Анна Керн рассмеялась. Её смех прозвучал как колокольчик. Она оперлась на его руку и заговорила доверительно, кротко, нежно:
— До шестнадцати лет я жила с родителями в Лубнах, захолустном городке на Полтавщине. Жила как все жили: танцевала на балах, участвовала в домашних спектаклях, выслушивала комплименты. Но, поверьте, в душе я оставалась мечтательной, устремлённой к идеалам... В шестнадцать лет меня против воли обвенчали со стариком, пятидесятидвухлетним генералом. Почему? Да просто потому, что моему отцу льстило, что его дочь станет генеральшей. И вот я несчастна...
— Вы несчастны? — снова спросил Пушкин.
— Вам вовсе не интересно, что я говорю.
— Говорите, говорите! — воскликнул Пушкин.
— Почему же вам может быть всё это интересно? — рассудила Анна Керн, по ходу беседы расставляя свои сети.
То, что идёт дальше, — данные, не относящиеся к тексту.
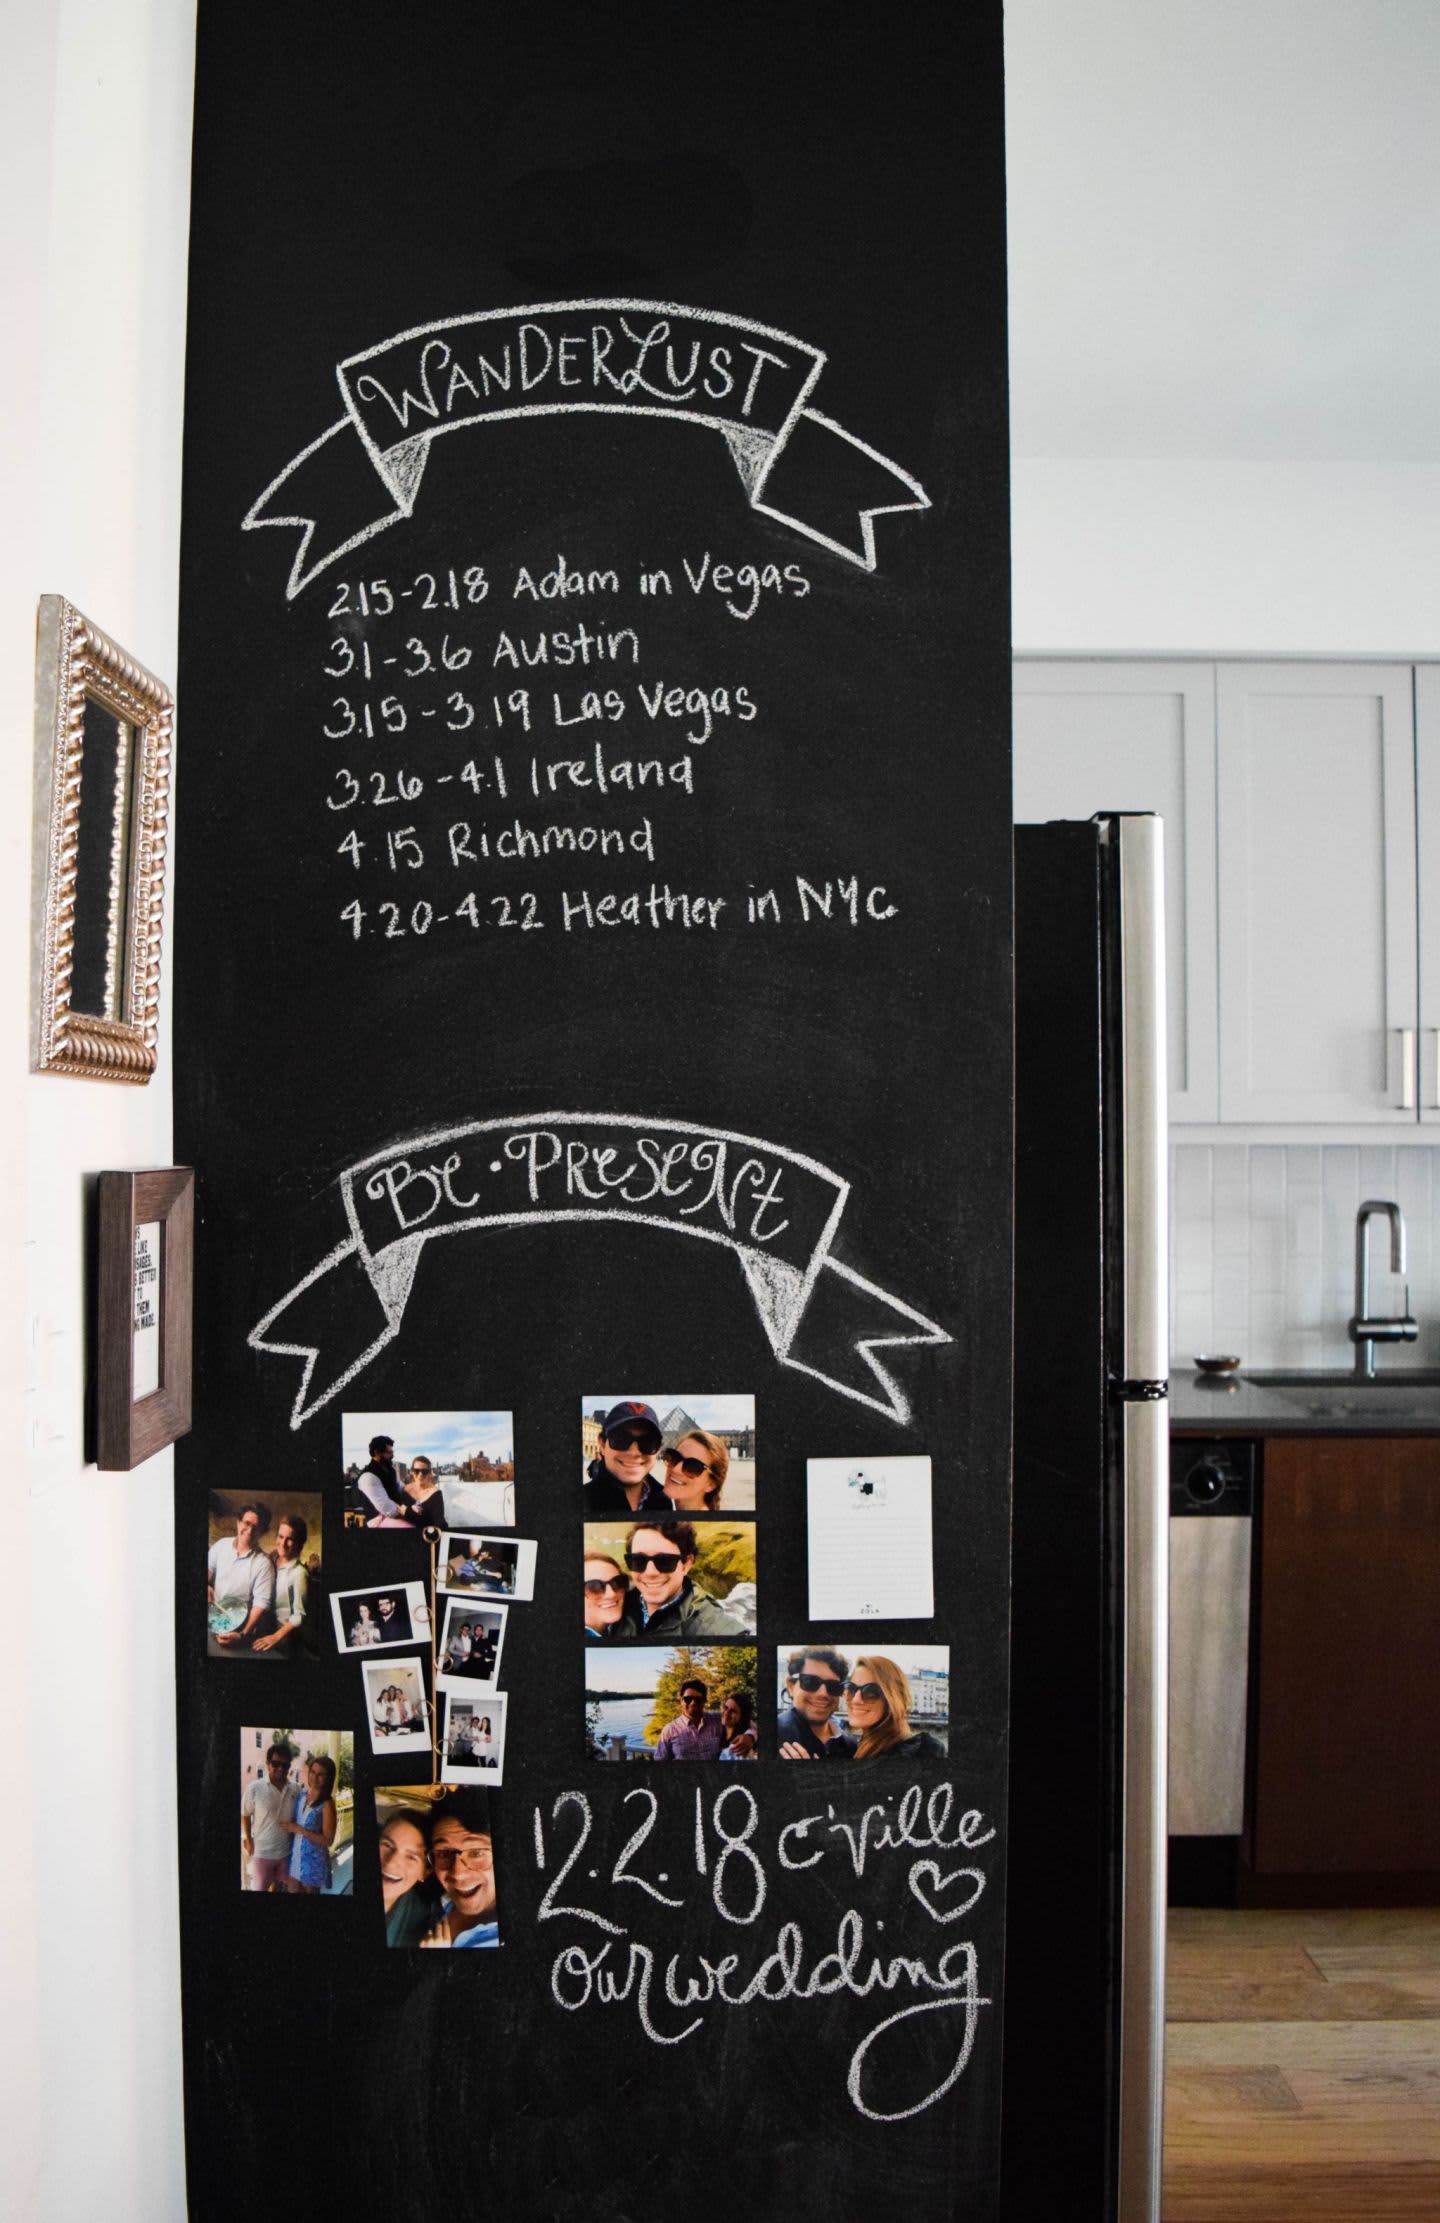 Does Chalkboard Paint for Walls Really Work? Painting Chaulkboard Walls

— Почему... Не скажу... Говорите же!
— Да, я несчастна. И что за человек мои муж: недалёкий, без интересов — только служба, фрунт, смотры. К тому же грубого нрава. И это для меня — мечтающей о жизни, освещённой благородными идеалами и возвышенными чувствами!
— Почему же вы не бросите его, несравненная, божественная?..
— Мы почти в окончательном разъезде. Но тётушка, Прасковья Александровна, решительно против. Ах, если бы вы знали всю правду!
— Говорите же, говорите!..
— Представьте себе моё положение... — Анна Керн огляделась по сторонам. — Ни одной души, с кем я могла бы поделиться. От чтения голова кружится. Отложишь книгу — опять я одна: муж либо спит, либо на учениях...
— Быть вашим мужем, — полушутливо-полусерьёзно сказал Пушкин, — ведь это же невообразимое счастье. Если бы я был вашим мужем, я ревновал бы вас к людям, к лошадям, к собакам, к деревьям.
И опять Анна Керн рассмеялась звонким колокольчиком.
XXX
Напрасно она нарушила его безмятежный покой затворника. Пробудившимися мечтами о счастье она оторвала его от работы!.. Нет, нет, это была не барышня, с которой — скучно ли, весело ли — нужно любезничать, а женщина, которую можно желать и которой нужно добиться!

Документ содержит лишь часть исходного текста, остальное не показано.